Отвечает так Кирибеевич,
Царю грозному в пояс кланяясь:
«Государь ты наш, Иван Васильевич!
Не кори ты раба недостойного:
Сердца жаркого не залить вином,
Думу черную – не запотчевать!
А прогневал я тебя – воля царская:
Прикажи казнить, рубить голову,
Тяготит она плечи богатырские
И сама к сырой земле она клонится».
И сказал ему царь Иван Васильевич:
«Да об чем тебе молодцу кручиниться?
Не истерся ли твой парчевой кафтан?
Не измялась ли шапка соболиная?
Не казна ли у тебя поистратилась?
Иль зазубрилась сабля закаленая?
Или конь захромал, худо кованый?
Или с ног тебя сбил на кулачном бою,
На Москве-реке, сын купеческий?»
Отвечает так Кирибеевич,
Покачав головою кудрявою:
«Не родилась та рука заколдованная
Ни в боярском роду, ни в купеческом;
Аргамак мой степной ходит весело;
Как стекло горит сабля вострая,
А на праздничный день твоей милостью
Мы не хуже другого нарядимся.»
«Как я сяду поеду на лихом коне
За Москву-реку покататися,
Кушачком подтянуся шелковым,
Заломлю на бочок шапку бархатную,
Черным соболем отороченную, —
У ворот стоят у тесовыих
Красны девушки да молодушки,
И любуются, глядя, перешептываясь;
Лишь одна не глядит, не любуется,
Полосатой фатой закрывается…»
«На святой Руси, нашей матушке,
Не найти, не сыскать такой красавицы:
Ходит плавно – будто лебедушка;
Смотрит сладко – как голубушка;
Молвит слово – соловей поет;
Горят щеки ее румяные,
Как заря на небе божием;
Косы русые, золотистые,
В ленты яркие заплетенные,
По плечам бегут, извиваются,
С грудью белою цалуются.
Во семье родилась она купеческой,
Прозывается Алёной Дмитревной.»
«Как увижу ее, я и сам не свой:
Опускаются руки сильные,
Помрачаются очи бойкие;
Скучно, грустно мне, православный царь,
Одному по свету маяться.
Опостыли мне кони легкие,
Опостыли наряды парчевые,
И не надо мне золотой казны:
С кем казною своей поделюсь теперь?
Перед кем покажу удальство свое?
Перед кем я нарядом похвастаюсь?
Отпусти меня в степи приволжские,
На житье на вольное, на казацкое.
Уж сложу я там буйную головушку
И сложу на копье бусурманское;
И разделят по себе злы татаровья
Коня доброго, саблю острую
И седельцо браное черкасское.
Мои очи слезные коршун выклюет,
Мои кости сирые дождик вымоет,
И без похорон горемычный прах
На четыре стороны развеется…»
И сказал смеясь Иван Васильевич:
«Ну, мой верный слуга! я твоей беде,
Твоему горю пособить постараюся.
Вот возьми перстенек ты мой яхонтовый,
Да возьми ожерелье жемчужное.
Прежде свахе смышленой покланяйся
И пошли дары драгоценные
Ты своей Алёне Дмитревне:
Как полюбишься – празднуй свадебку,
Не полюбишься – не прогневайся».
Ох ты гой еси, царь Иван Васильевич!
Обманул тебя твой лукавый раб,
Не сказал тебе правды истинной,
Не поведал тебе, что красавица
В церкви божией перевенчана,
Перевенчана с молодым купцом
По закону нашему христианскому…
Ай, ребята, пойте – только гусли стройте!
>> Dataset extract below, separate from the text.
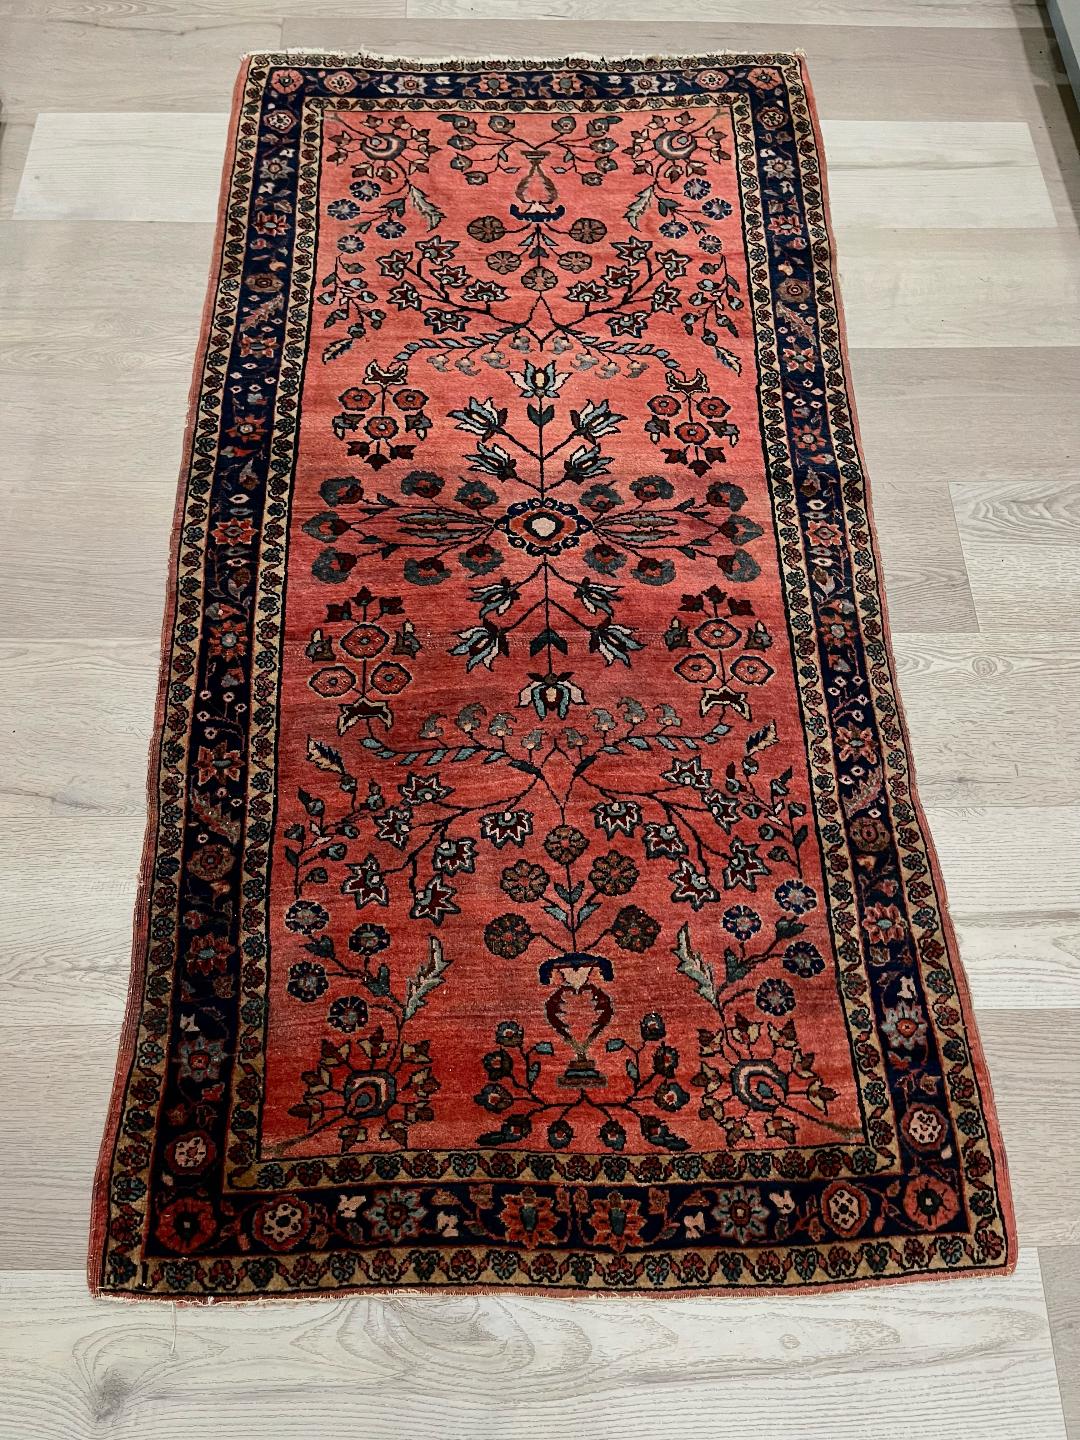 ANTIQUE AND FINELY HAND WOVEN SAROUK 3ba106

Ай, ребята, пейте – дело разумейте!
Уж потешьте вы доброго боярина
И боярыню его белолицую!
II
За прилавкою сидит молодой купец,
Статный молодец Степан Парамонович,
По прозванию Калашников;
Шелковые товары раскладывает,
Речью ласковой гостей он заманивает,
Злато, серебро пересчитывает.
Да недобрый день задался ему:
Ходят мимо баре богатые,
В его лавочку не заглядывают.
Отзвонили вечерню во святых церквах;
За Кремлем горит заря туманная,
Набегают тучки на небо, —
Гонит их метелица распеваючи;
Опустел широкий гостиный двор.
Запирает Степан Парамонович
Свою лавочку дверью дубовою
Да замком немецким со пружиною;
Злого пса-ворчуна зубастого
На железную цепь привязывает,
И пошел он домой, призадумавшись,
К молодой хозяйке за Москву-реку.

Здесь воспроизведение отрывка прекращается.